[Problem to solve]
Print out every line of the material exactly. Include no pictures.

[Data shown]
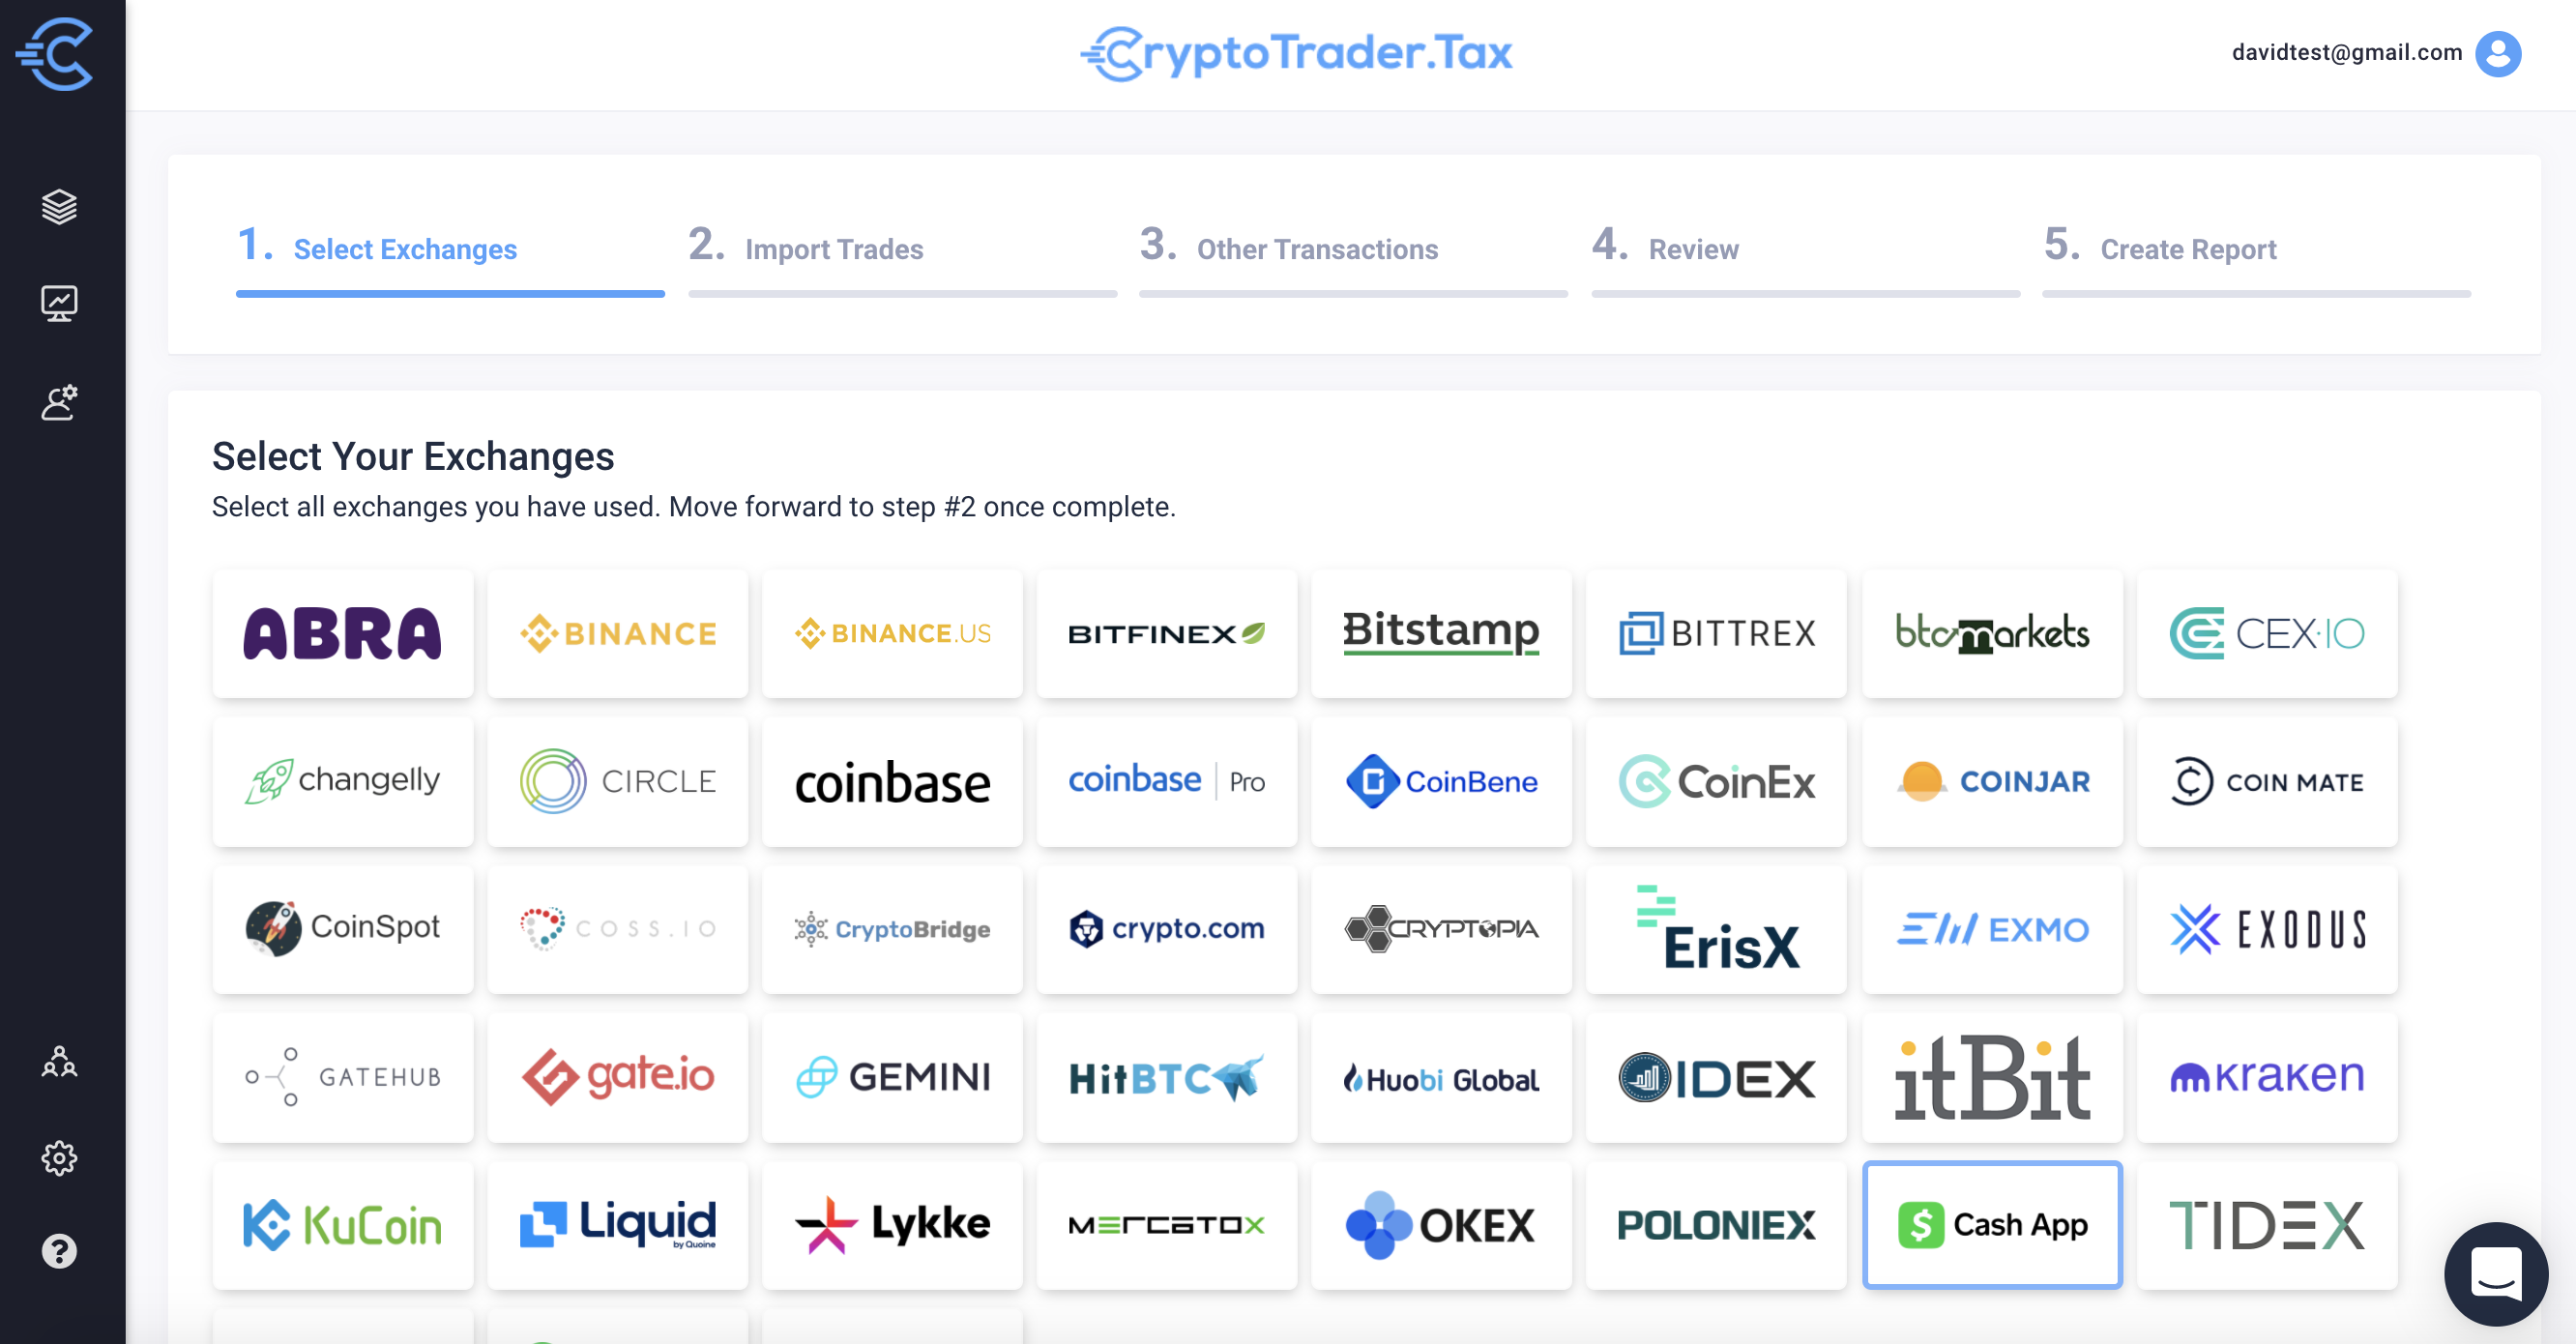 CryptoTrader.Tax Cash App
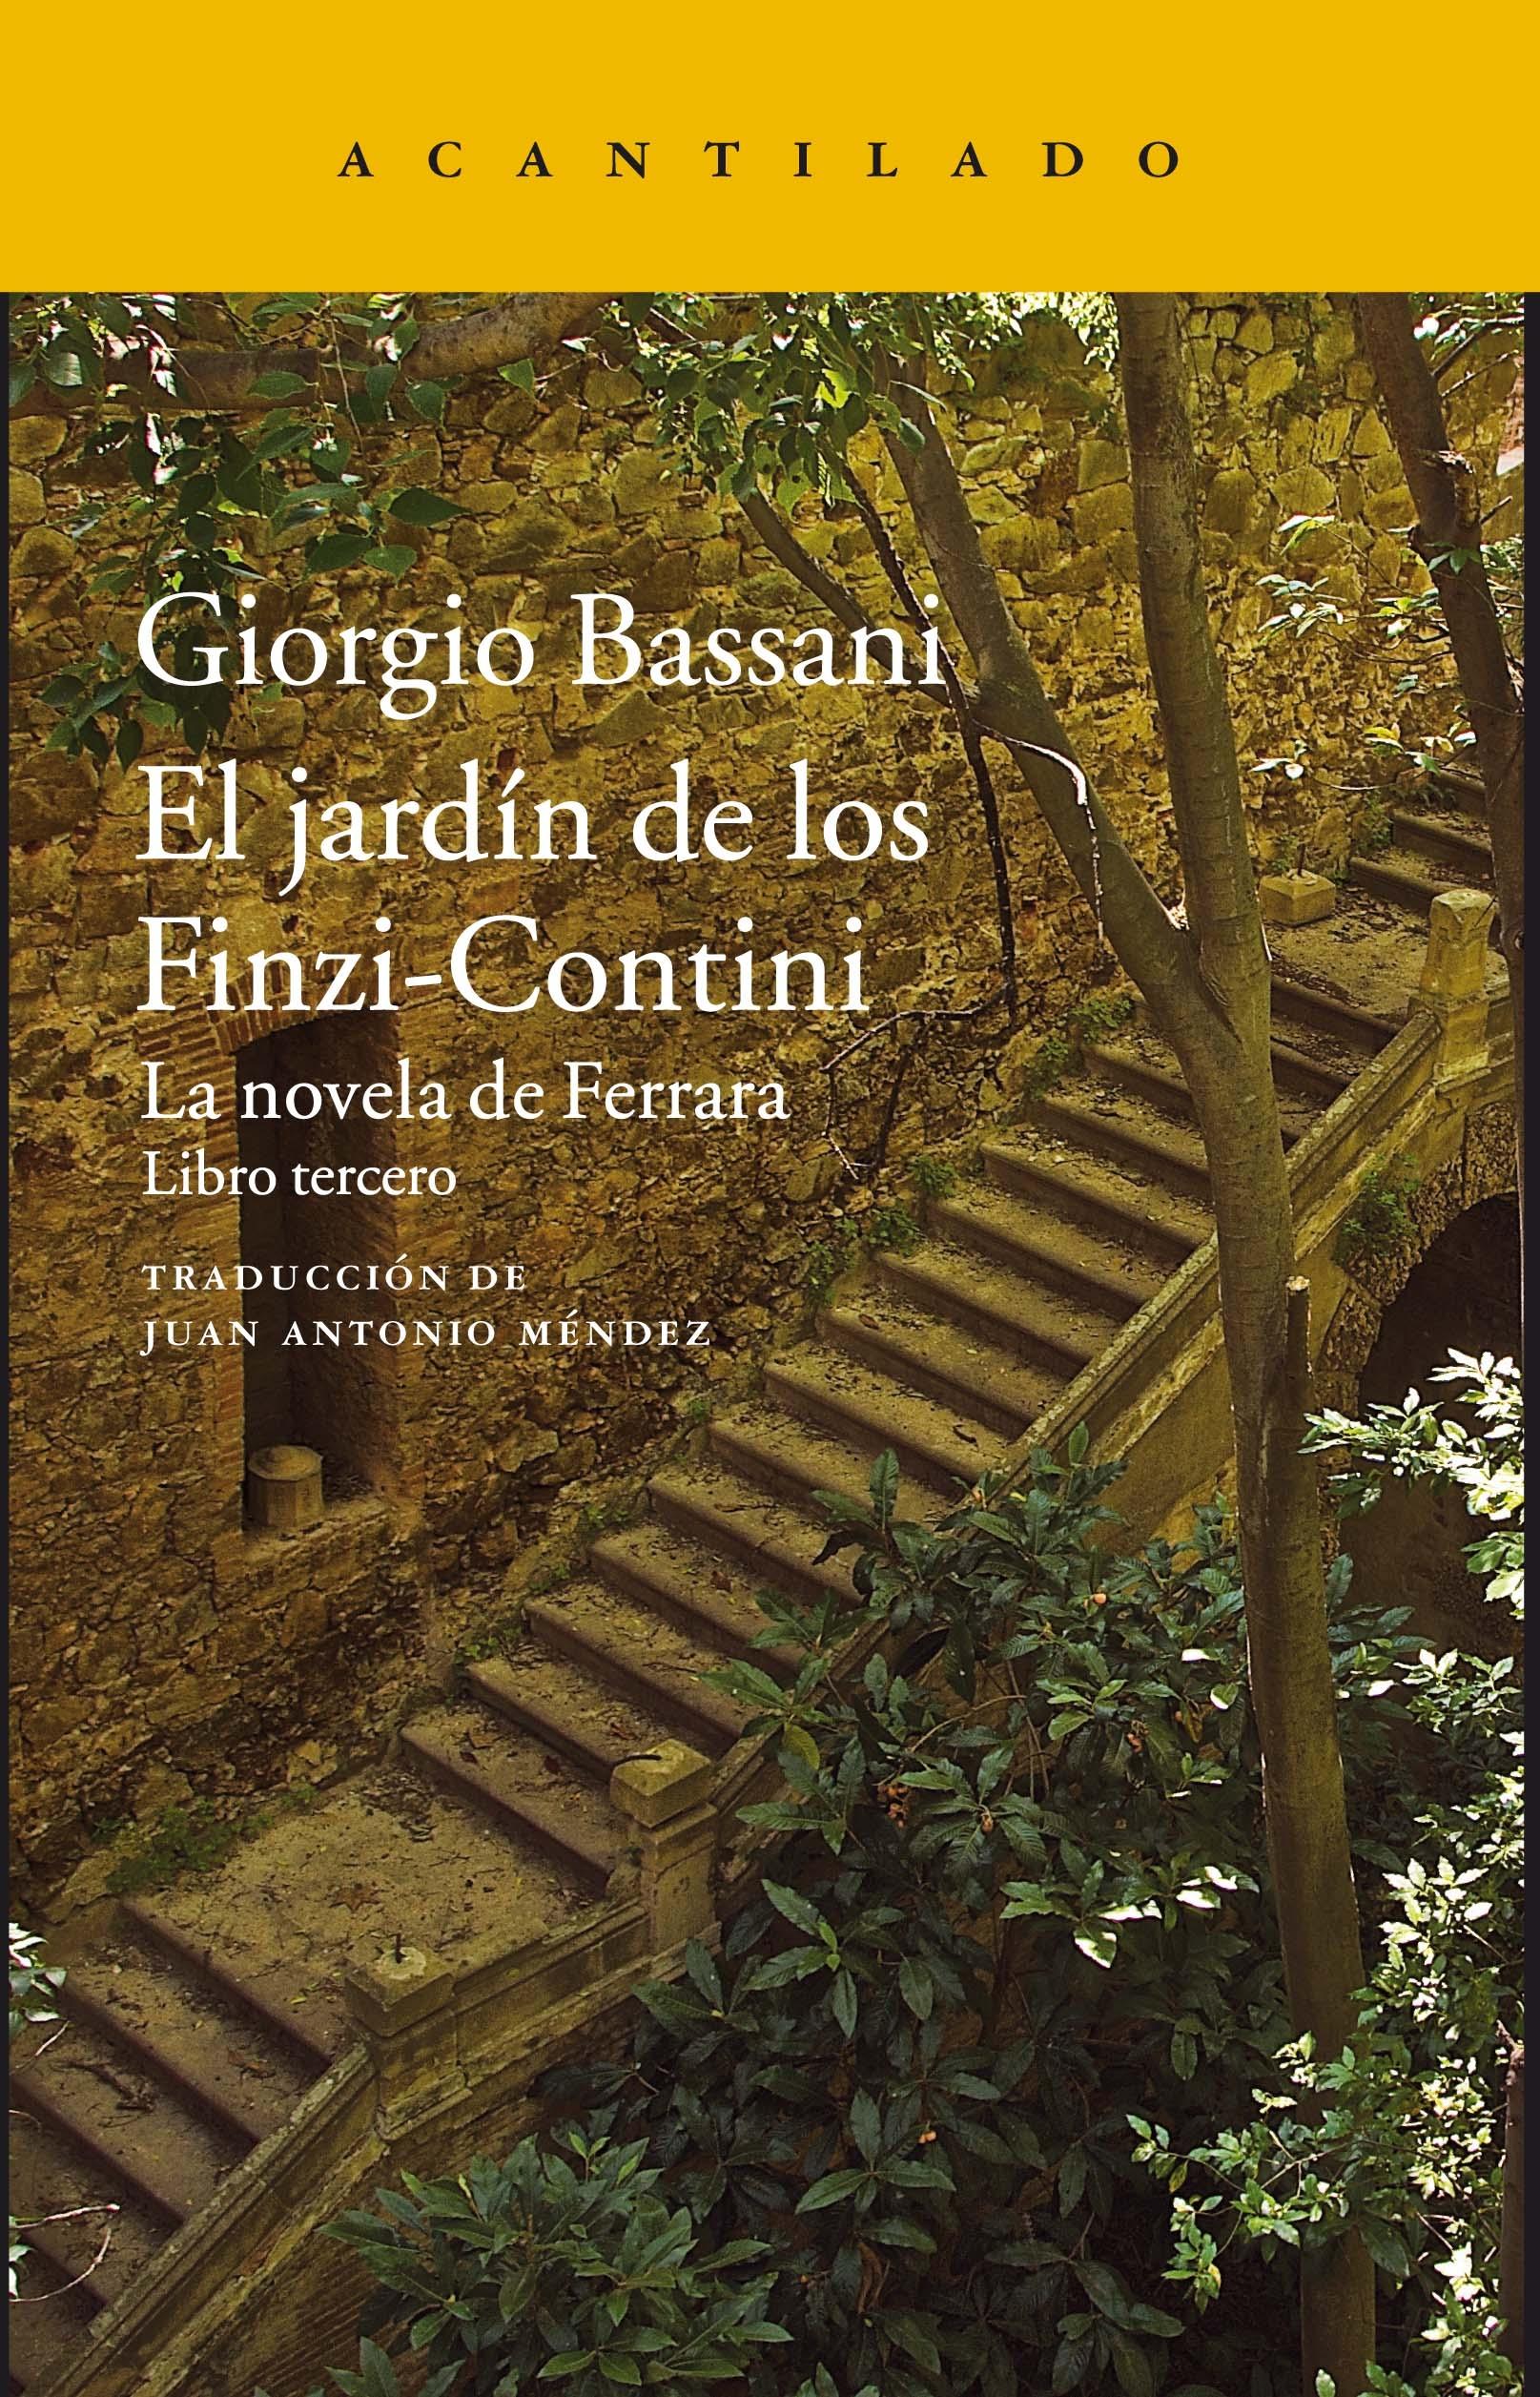 El Jardín de los Finzi-Contini Vol.III "La Novela de Ferrara". 
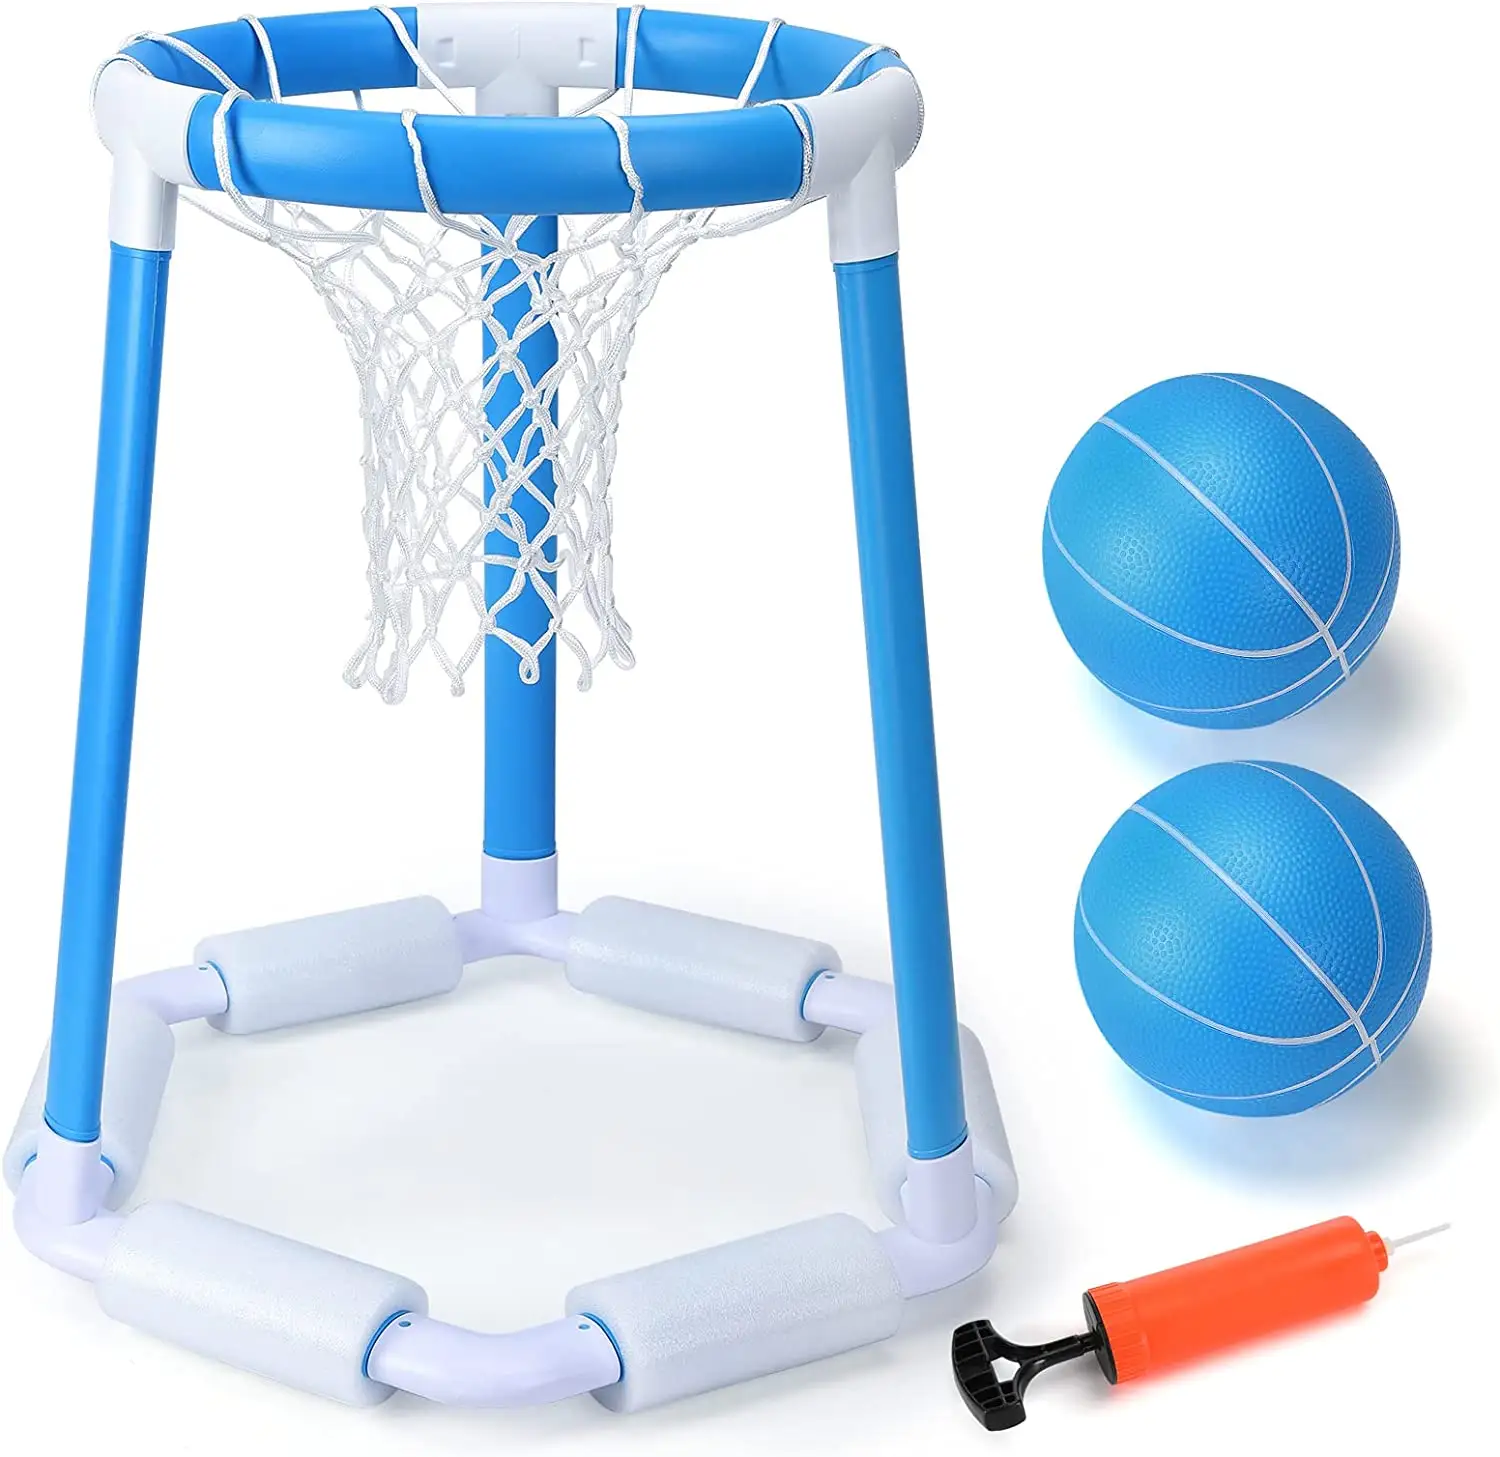 Schwimmender Pool Basketball korb-Schwimmbad Basketball korb Pools ide Set mit 2 Bällen und Pumpe-Aufblasbarer Wasser basketball H.

[Reply to the task]
 CryptoTrader.Tax Cash App
 El Jardín de los Finzi-Contini Vol.III "La Novela de Ferrara". 
 Schwimmender Pool Basketball korb-Schwimmbad Basketball korb Pools ide Set mit 2 Bällen und Pumpe-Aufblasbarer Wasser basketball H.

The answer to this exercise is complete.